- Country: India
- State: Karnataka
- District: Belgaum
- Talukas: Athani

Government
- • Body: Gram panchayat

Languages
- • Official: Kannada
- Time zone: UTC+5:30 (IST)
- Postal code: 591304
- Vehicle registration: KA 23

= Halyal =

Halyal is a village in Belgaum district in the southern state of Karnataka, India. It is located 121 km north of Belgaum, 10 km from Athani, and 577 km from the state capital of Bangalore.

Halyal's Pin code is 591304. The postal head office is located at 15.4589° N, 75.0078° E Athani.
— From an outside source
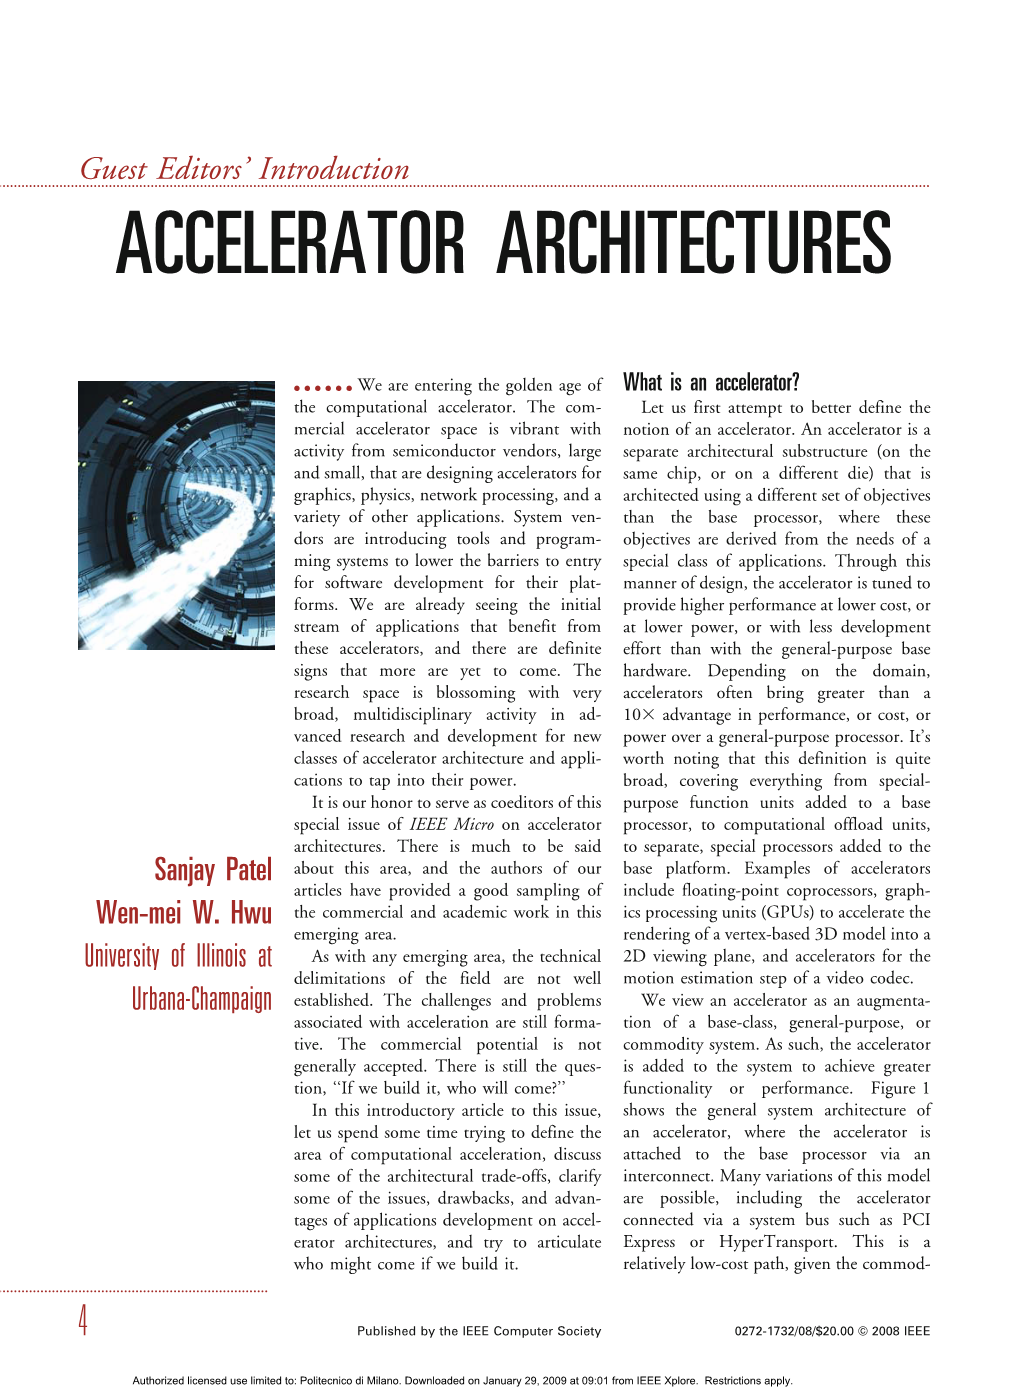 Accelerator Architectures

This place has one petrol pump named Shree Mallikarjun Petroleum, operated by Nayara Energy, owned by R. L. Patil and K. L. Patil.

Nearby villages include Nadi Ingalagaon (3 km), Hulagabali (4 km), Sankonatti (6 km), Naganur P K (7 km), Saptasagar (9 km). Halyal is surrounded by Raybag Taluk and Jamkhandi Taluk. Athani Terdal, Rabkavi Banhatti, Mahalingpur, and Mudalgiare are nearby cities.

==Population==

The population of Halyal is 4,525 (2,381 men and 2,144 women and 790 houses).